As part of the 2009 US Recovery and Reinvestment Tax Act, the U.S. Treasury created Program 1603 to allow grants to revenue-generating renewable energy programs, rather than investment tax credits. As a result, almost 110,000 renewable energy initiatives were dipped into $26 billion.
While the current economic situation could become even uglier than what the country experienced in 2008, some suggest a similar system could be used as a tool for dramatically high rates of solar growth as society returns to post-Covid-19 normality.
Among their numbers is Jim Spano, co-founder of the RadiantREIT real estate investment trust firm Solar Financing.
“I think the lesson learned from the first downturn,” said Spano, referring to 2008, “is that when the public policy takes a concerted interest in climate change, it must find ways to ensure that renewable technologies continue to be created and installed.”

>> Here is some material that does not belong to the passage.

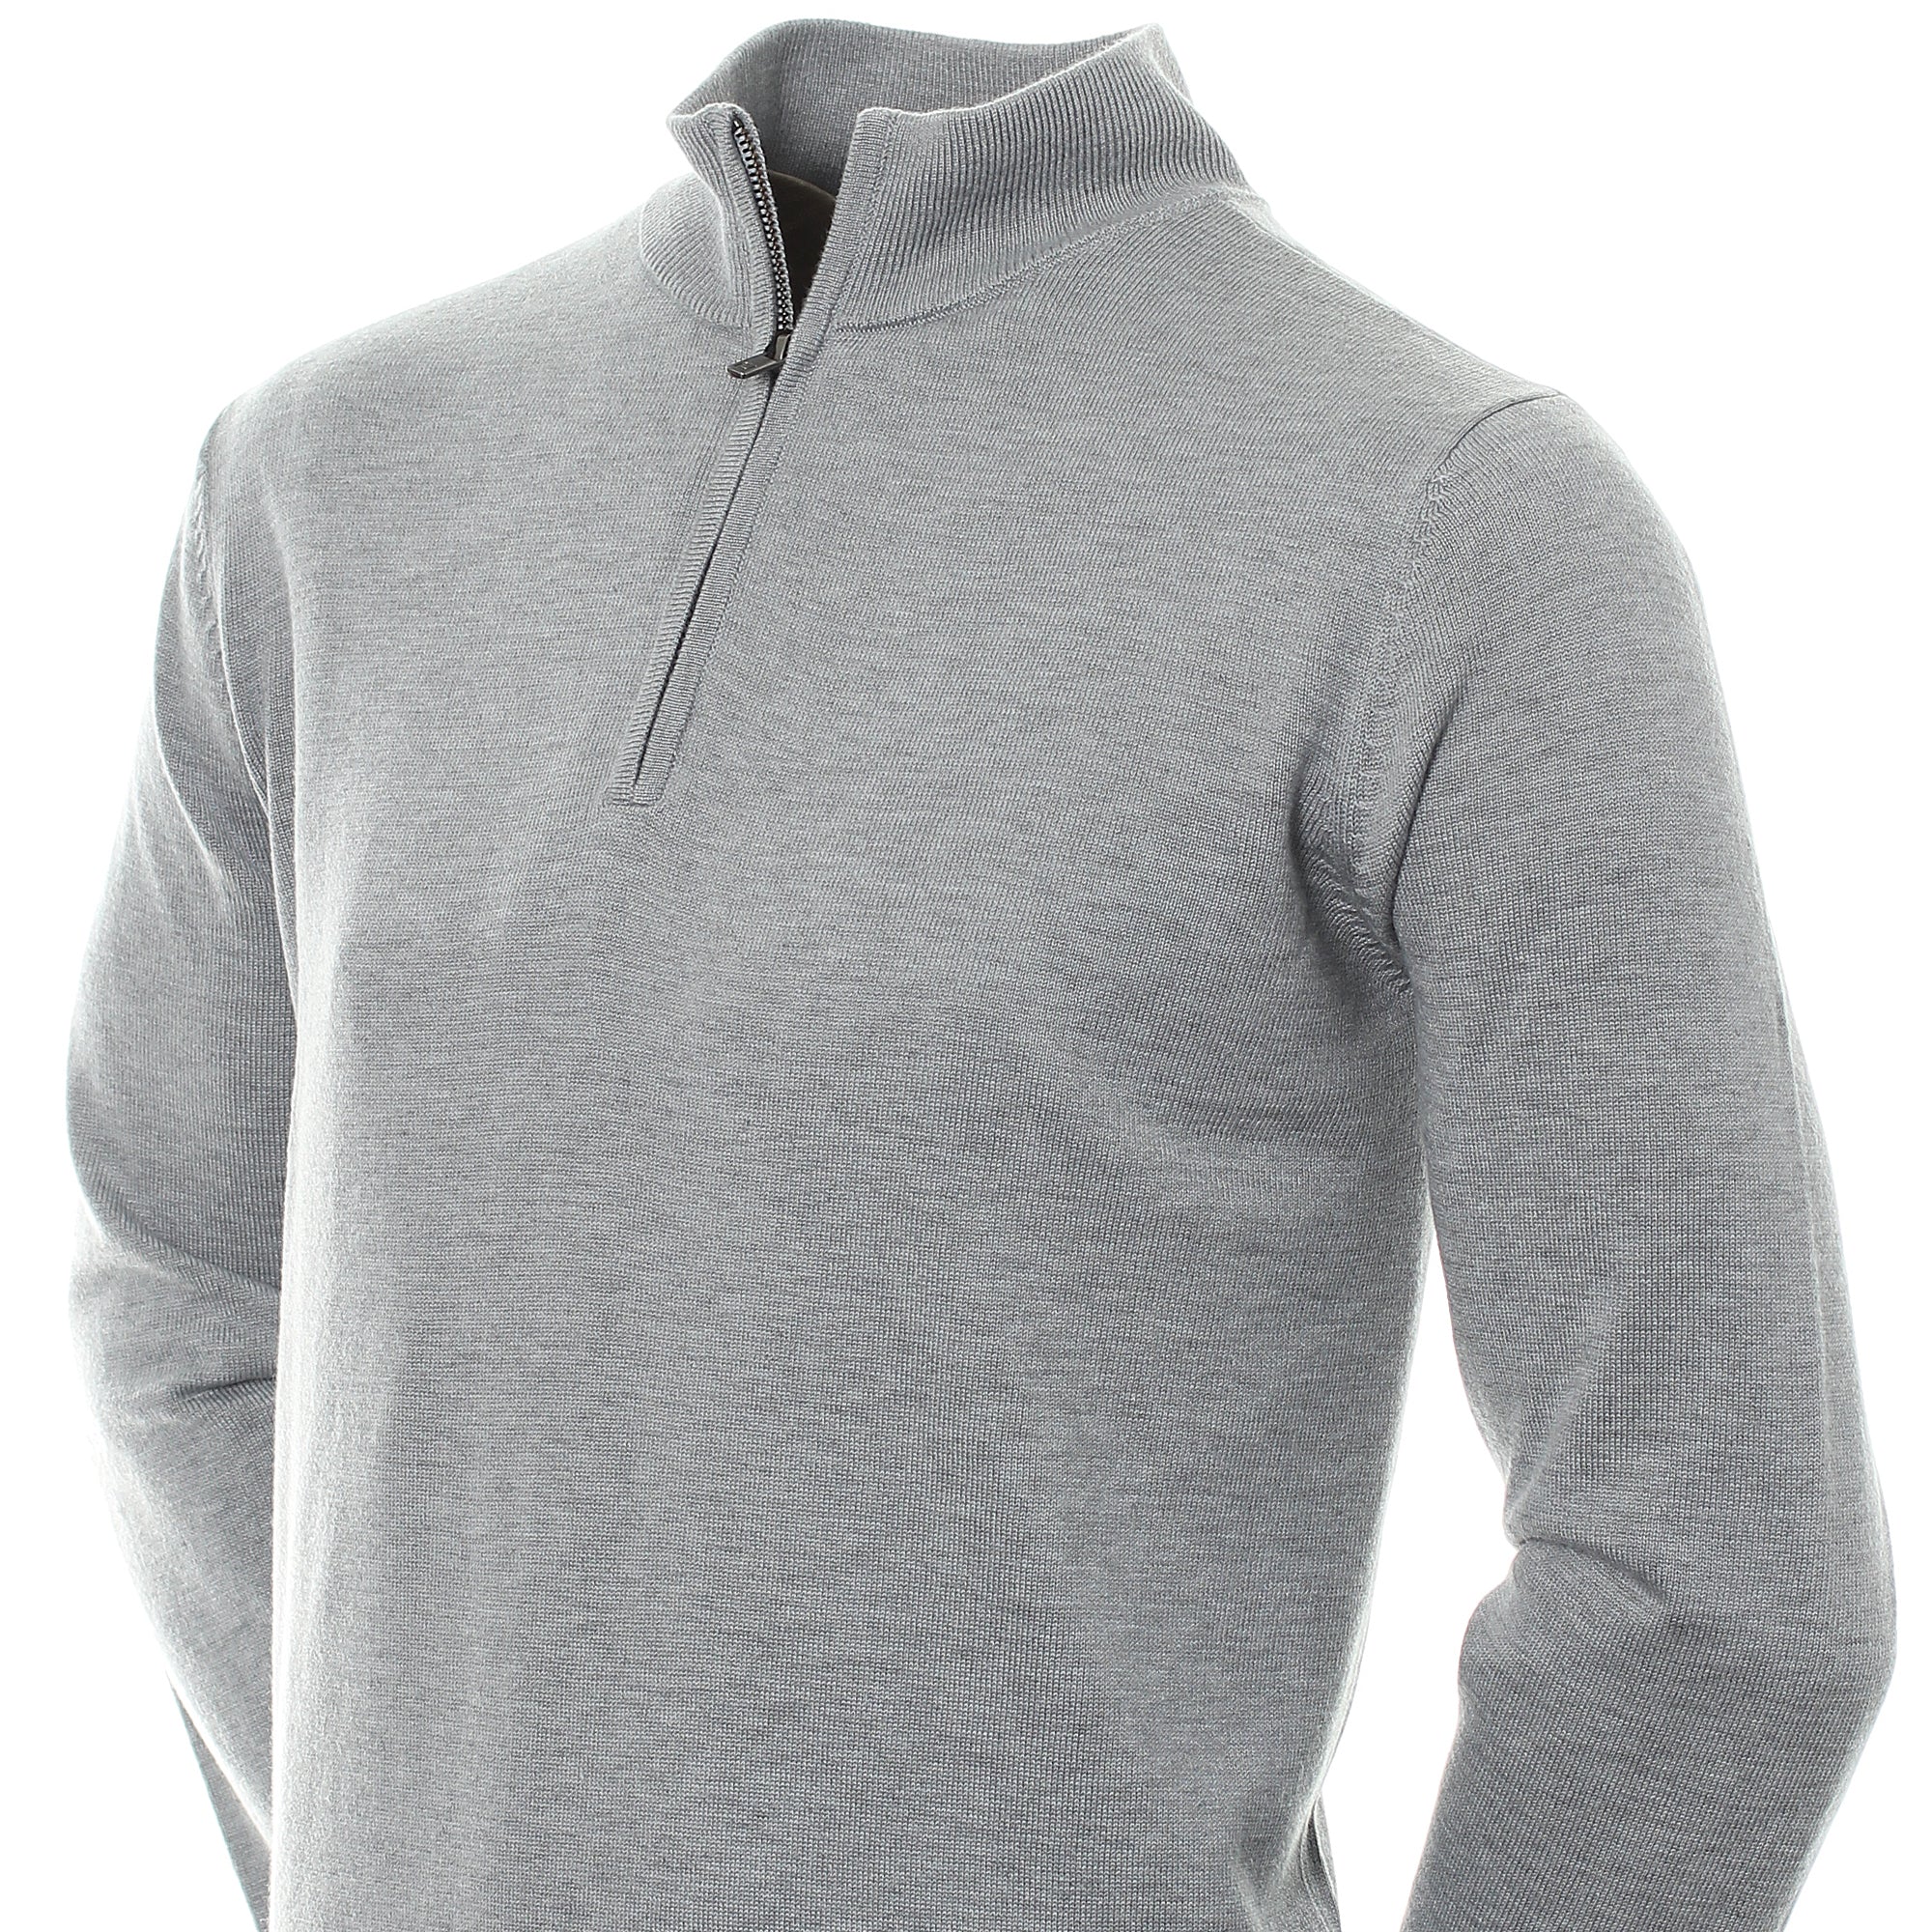 footjoy-wool-blend-lined-1-2-zip-sweater-90211-grey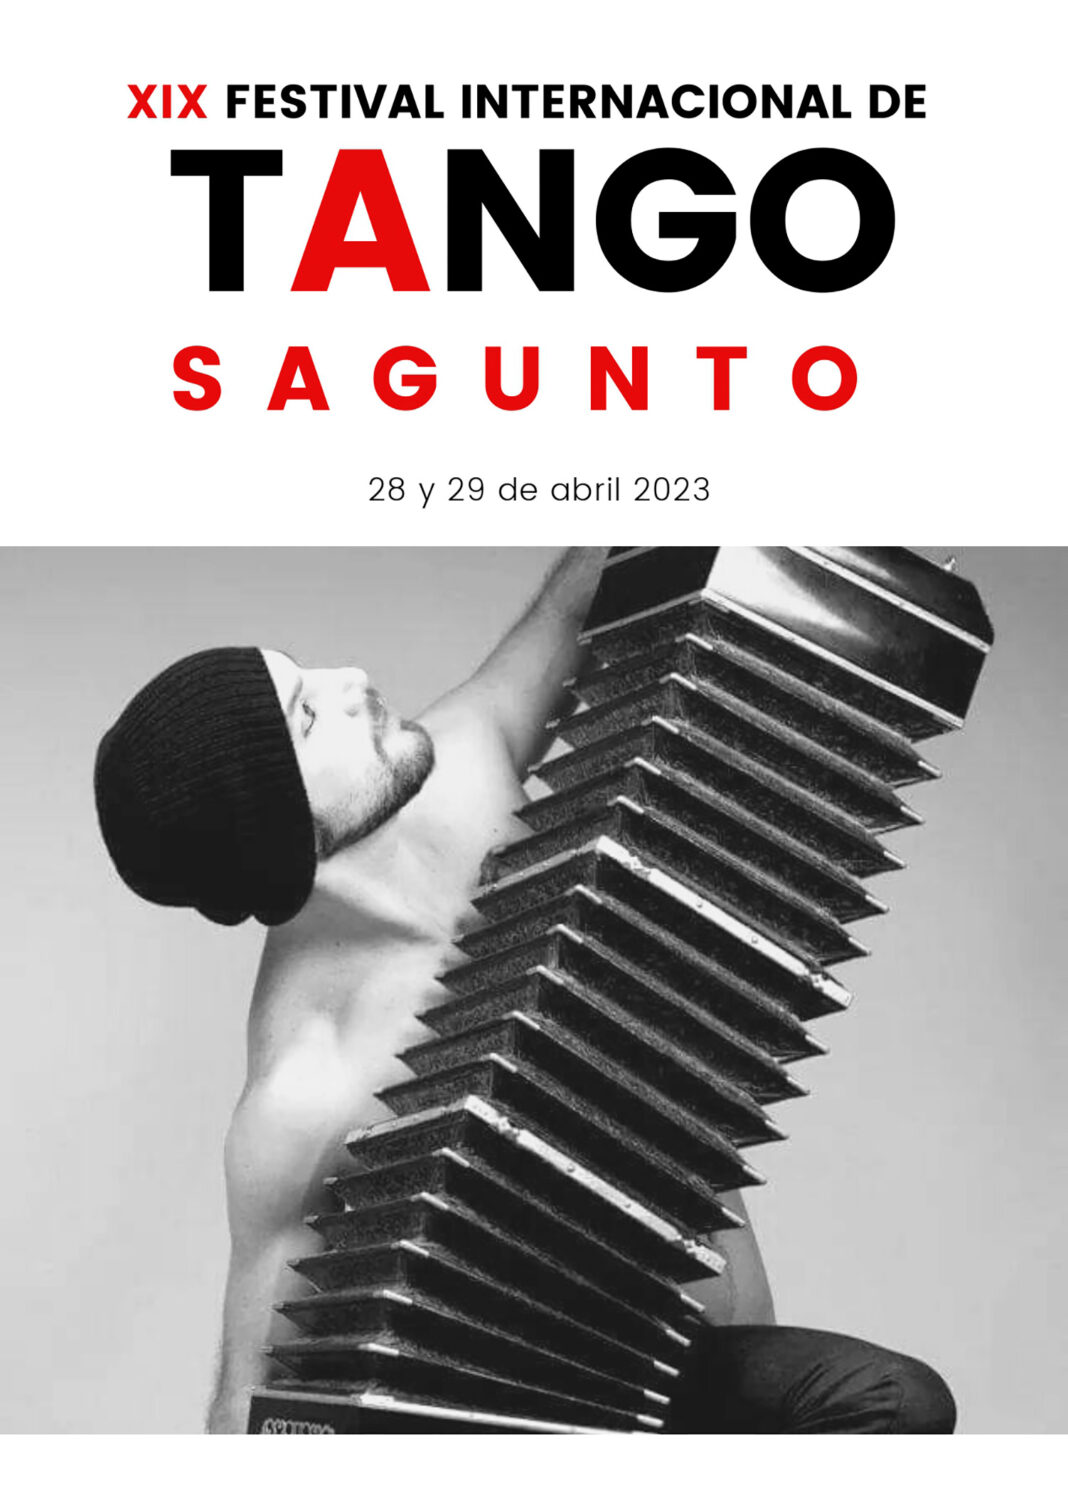 Sagunto acogerá el XIX Festival Internacional de Tango en el Centro Cultural Mario Monreal y la Pl. Cronista Chabret

The US solar tax equity funding model – involving borrowers and companies with high tax bills funding projects in exchange for the tax incentives given to them – is likely to evaporate in the current crisis and Spano hopes it will be replaced by an alternative financing model.
“I think we’ll see a lot more debt come into the market, which reduces the need for equity and makes commercially viable ventures,” he said. “Many borrowers will see substantial growth and many market equity investors will move to debt positions because they understand that on the debit side the risk-deviated returns will be higher.”
The forecast came on the same day that members of the European industry expressed concerns that the whole opposite scenario would occur at their doorstep, with lenders predicted to be increasingly reluctant to take a chance on solar given the ongoing lockout of coronavirus.
Because of the financial mechanisms used to make manageable the capital costs of building projects, Spano argues that the U.S. solar industry is in a unique position to recover quicker, with less long-lasting consequences, than other industries.
“Americans are eager to get back to work,” the solar investor said. “You’re going to see a fast turnaround, tons of capital looking to be deployed, and the pent-up demand for capital in the renewable industry is what will push the rapid recovery into a robust market.”
If help comes from the federal government – doubtful as this possibility may be under the White House’s current occupant – Spano predicts that new solar technology will arise nationally as states will try to minimize unemployment by creating green jobs initiatives. However, if the funding falls at the state level, the creation of renewables will be biased towards the states that have already set high expectations for renewable energy, because they will try to meet the targets and requirements they set.
“Not all states have embraced a sustainable target of 100 per cent,” Spano said. “Common sense suggests that if a state passes a law calling for 100% renewables and economics will not help [development], even with the investment tax credit, the states would have to step in with some sort of incentive to meet their targets … You can not afford to have a law demanding 100% renewables if no renewables are installed.
“I think Covid-19 is going to be a major boost for the renewable industry and I believe we are going to be the sector that generates the jobs and fulfils the priorities of public policy.”